Pictures stay out. Everything else in the listing below gets written out exactly.

▶ **DATA EXCERPT**
╭──

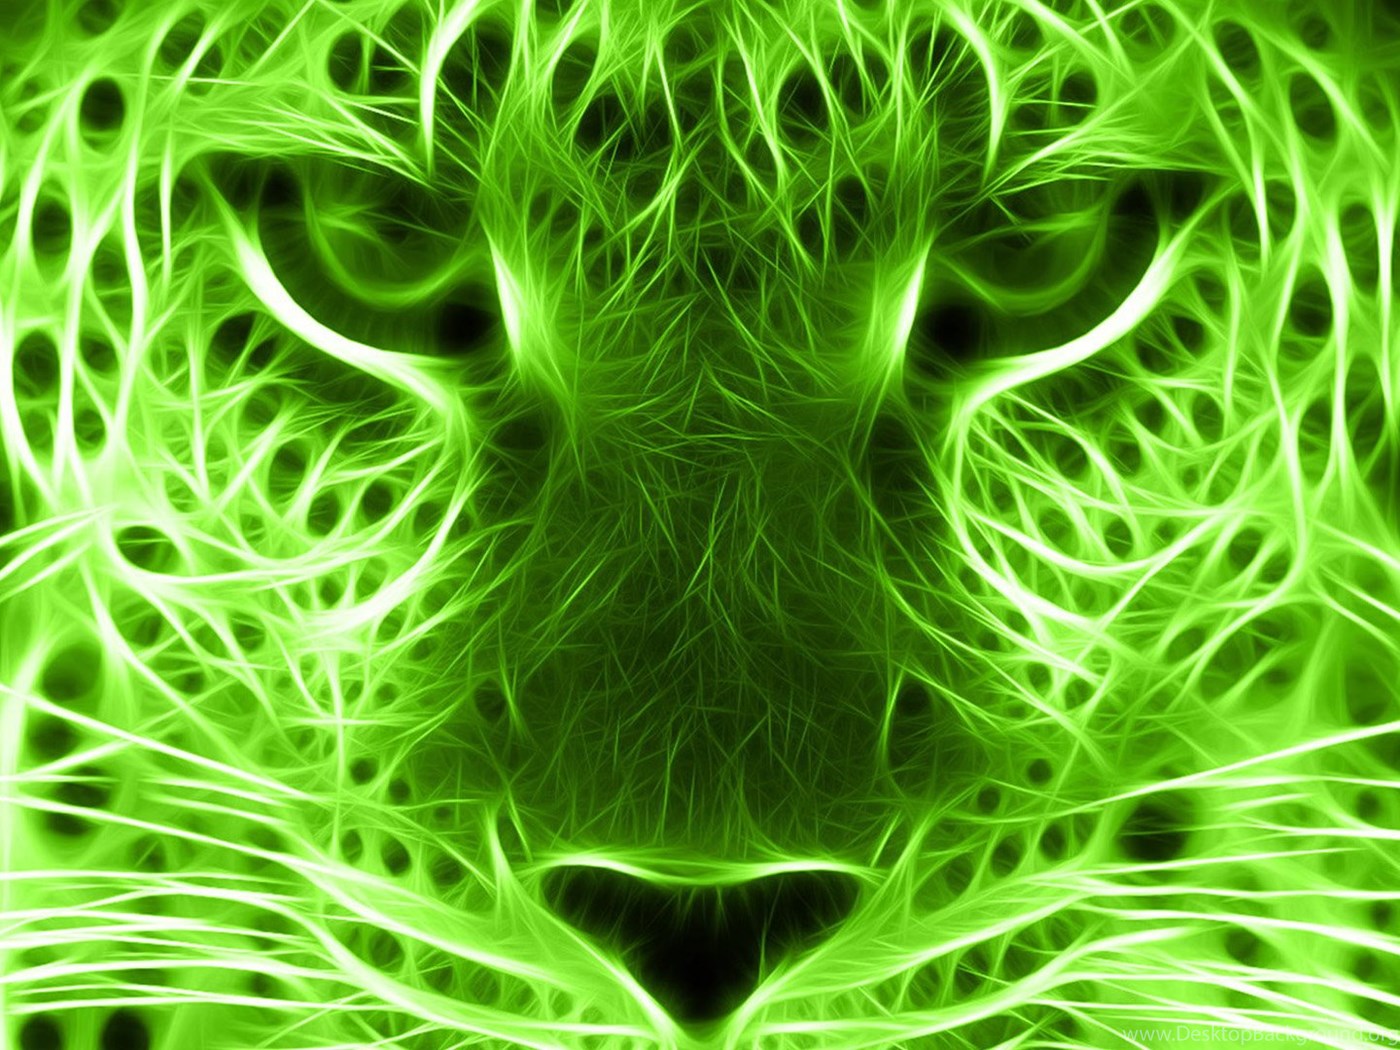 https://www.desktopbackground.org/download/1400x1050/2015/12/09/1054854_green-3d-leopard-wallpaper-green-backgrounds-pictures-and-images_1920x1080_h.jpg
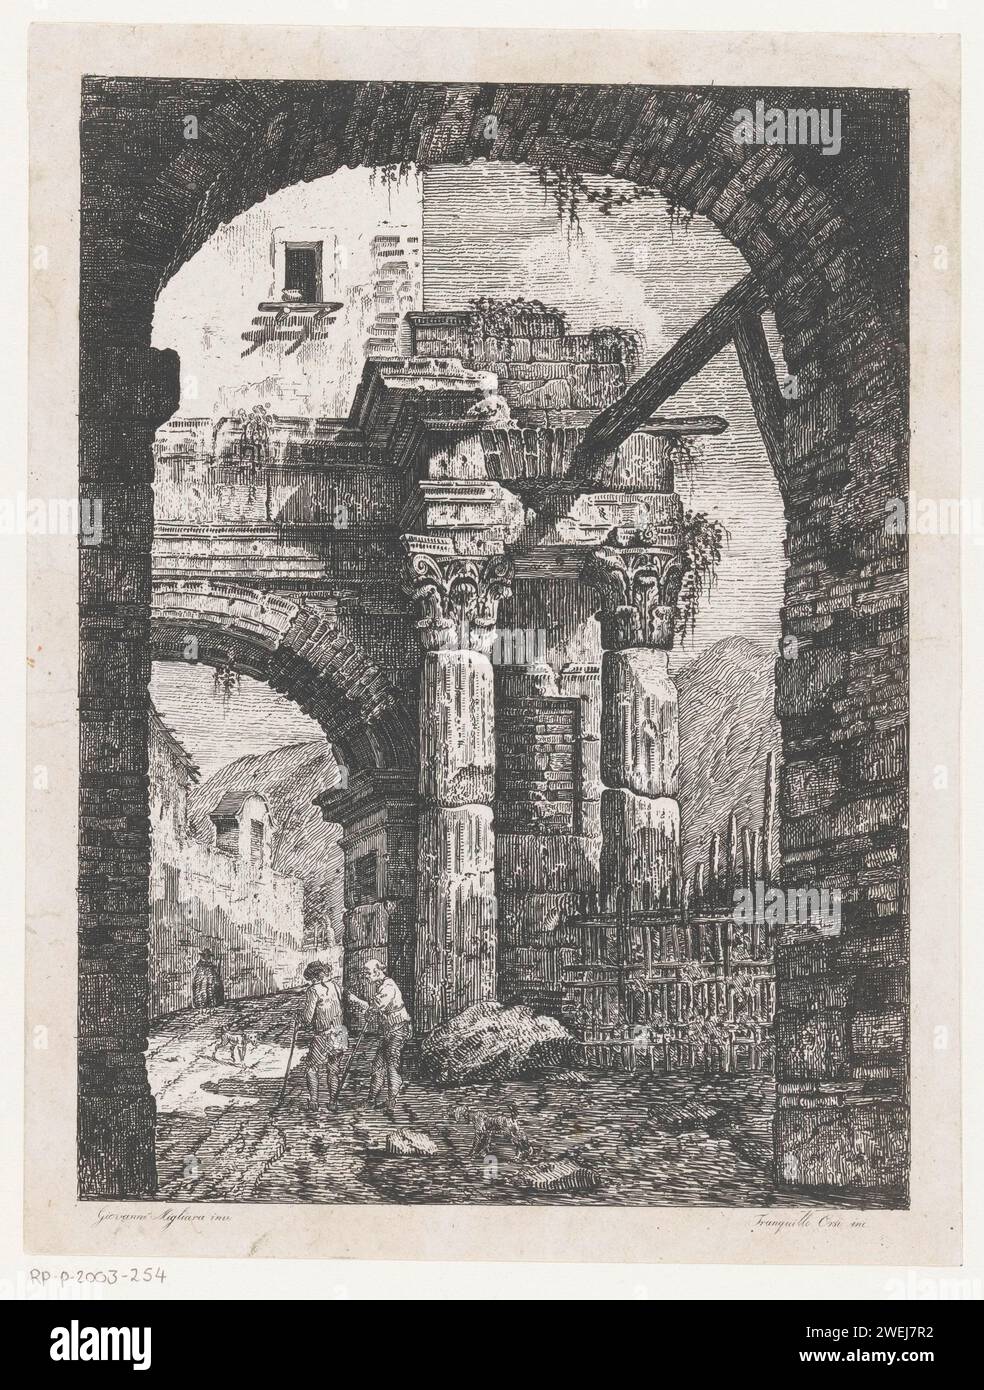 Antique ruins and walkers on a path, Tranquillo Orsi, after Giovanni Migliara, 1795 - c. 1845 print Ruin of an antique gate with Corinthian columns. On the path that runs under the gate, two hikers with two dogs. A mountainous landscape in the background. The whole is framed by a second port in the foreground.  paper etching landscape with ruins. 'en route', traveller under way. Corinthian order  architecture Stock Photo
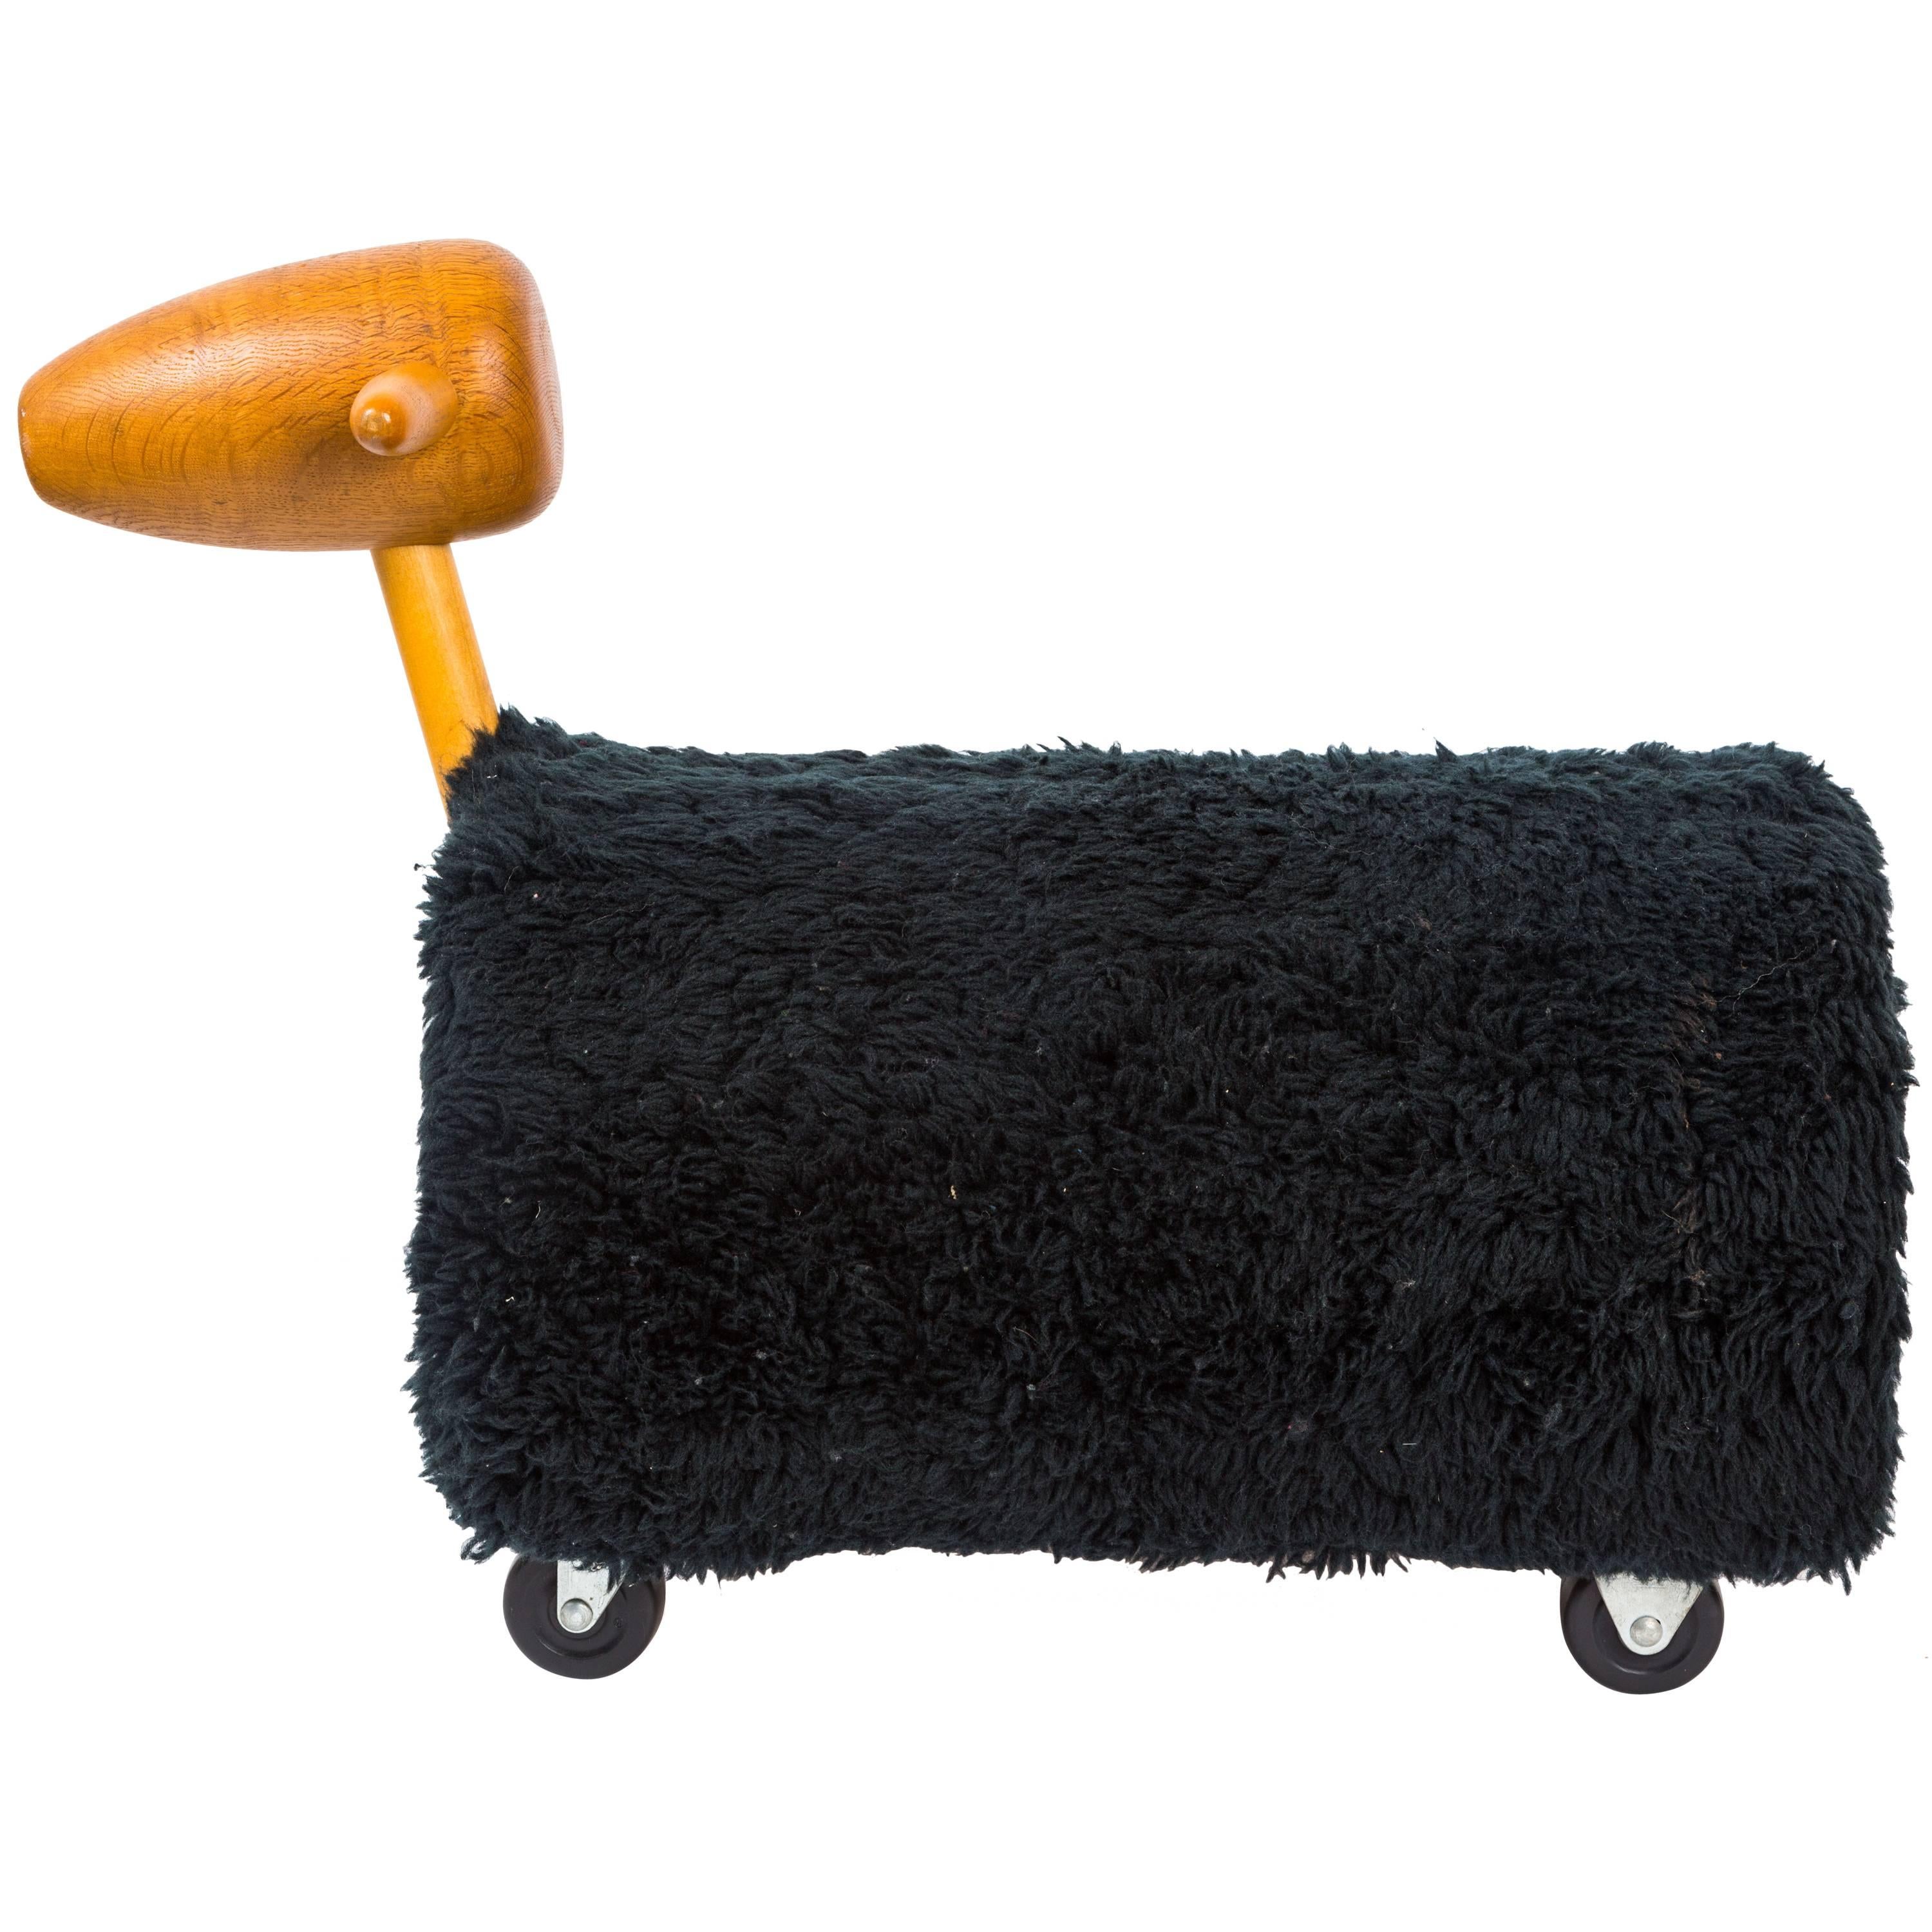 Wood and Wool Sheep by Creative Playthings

╰──

▶ **SOLUTION TO THIS EXERCISE**
 https://www.desktopbackground.org/download/1400x1050/2015/12/09/1054854_green-3d-leopard-wallpaper-green-backgrounds-pictures-and-images_1920x1080_h.jpg
 Antique ruins and walkers on a path, Tranquillo Orsi, after Giovanni Migliara, 1795 - c. 1845 print Ruin of an antique gate with Corinthian columns. On the path that runs under the gate, two hikers with two dogs. A mountainous landscape in the background. The whole is framed by a second port in the foreground.  paper etching landscape with ruins. 'en route', traveller under way. Corinthian order  architecture Stock Photo
 Wood and Wool Sheep by Creative Playthings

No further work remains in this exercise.